It has been a long time since my last letter. It has taken me a while to be able to let your decision soak in. We have been a good team. I hope that you have always been satisfied with the my performance. Unless it was something beyond my control, I can truly say that I have done the best I could for you. Needless to write, #2 Bike is really shook up over this. I keep getting questions from him, and I do not have an answer, other than you know what you are doing. Some how, the news has escaped Fat Boy. I know when he does find out I will never hear the end of it. I shutter to imagine his level of teasing. Il est un crétin.
It is understandable that bikes evolve. I want you to only have the best. Yes, I am getting on in age. I am willing to accept my position, becoming the training and criterium bike (this is what has #2 so shook up). I told him that he would more than likely go to a more permanent position on the trainer or maybe still used in really bad weather. I am sure he will be pleased, no matter his role. He is a trooper. We bikes have an understanding, deep in our internal cabling, that we are somewhat temporary. It is exactly what I am going to remind Fat Boy too!

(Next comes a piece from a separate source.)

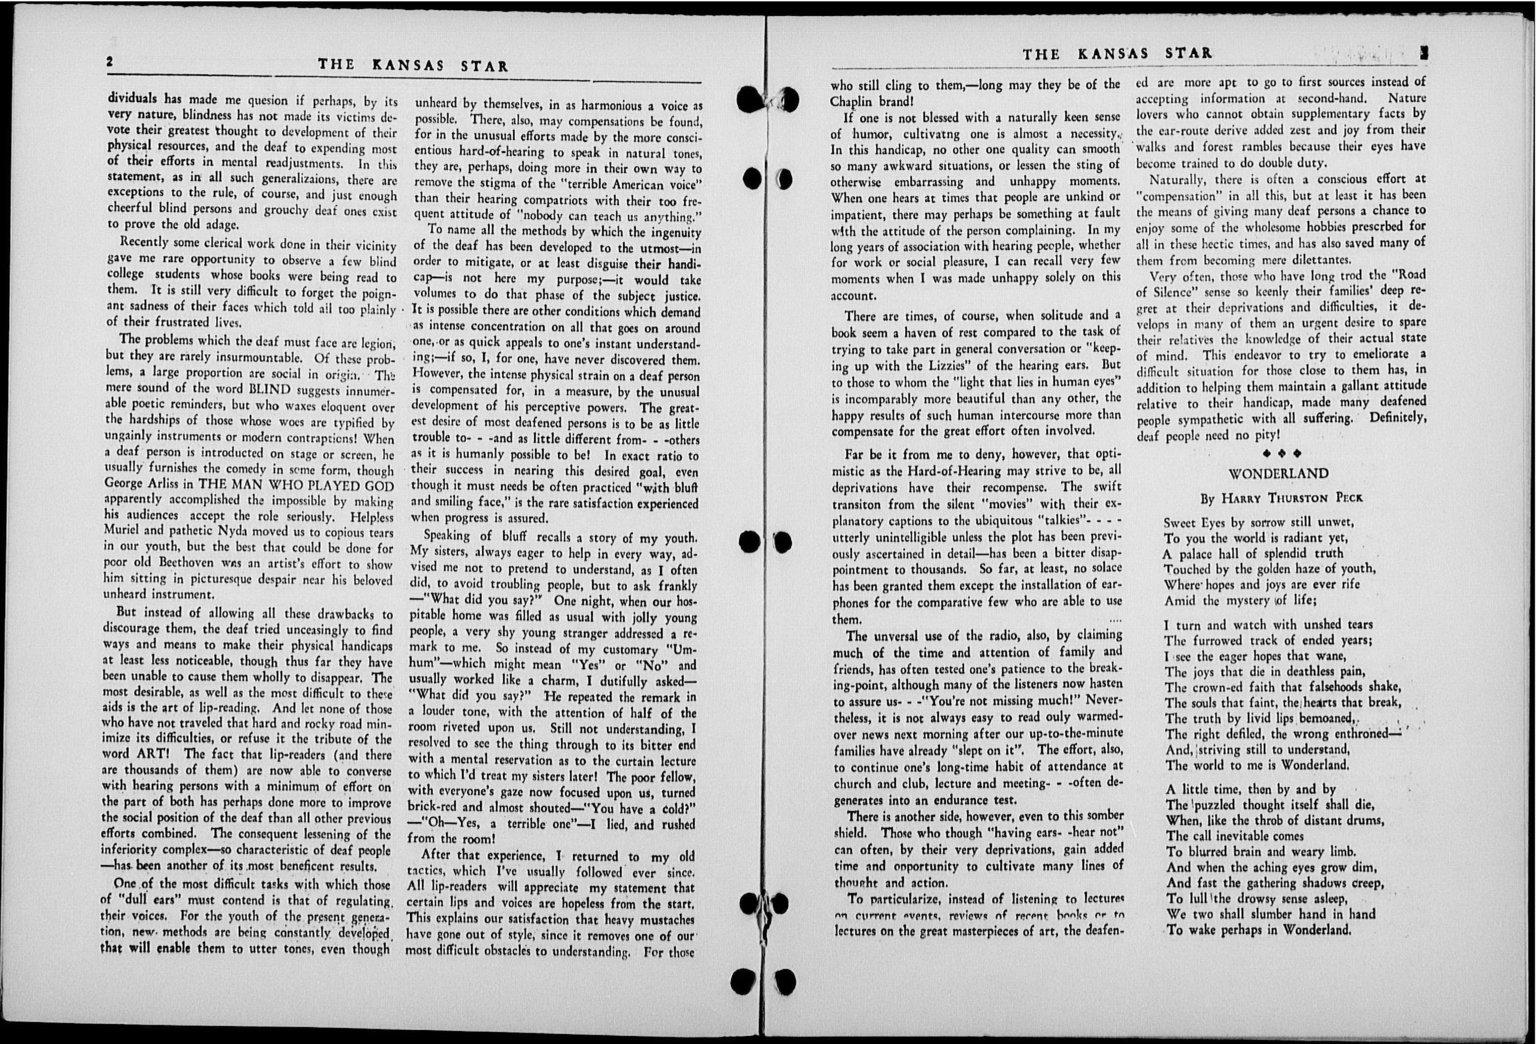 The Kansas Star, volume 51, number 7 - 2-3

Please let me preface this with my understanding that I know am not owed any explanation, you are the Engine. But why not stick with the Canadian speed machine? To be more specific, a newer version of me? But a Spaniard? To be sure, that in itself concerns me. Yes, I have heard you talking with friends about the new, rule-bending Orbea areo frame. For sure, being allowed to break rules that I have had to live with, will give it more slippage in the wind. The other frame changes will make it freakishly stiff, too. I did feel some relief about staying in criterium races with you . . . I know the why of that decision, but I will surely accept my role and do my best. Speaking of racing, not questioning you, but why are you considering mountain bike racing this year? I will admit that I worry about injury . . . moreover, the increase in Fat Boy’s chatter. Please be careful. I would hate for you to rob yourself of road time.
Well, I guess I feel a bit better now. I understand that the Spaniard will not be here until March (lazy would be my guess) . . . sorry that was spontaneous. I had to go ahead and write. All of the talk in the bike shop, when you were picking out his colors and things, is hard to ignore. We all understand our role. Aging is just difficult, I guess.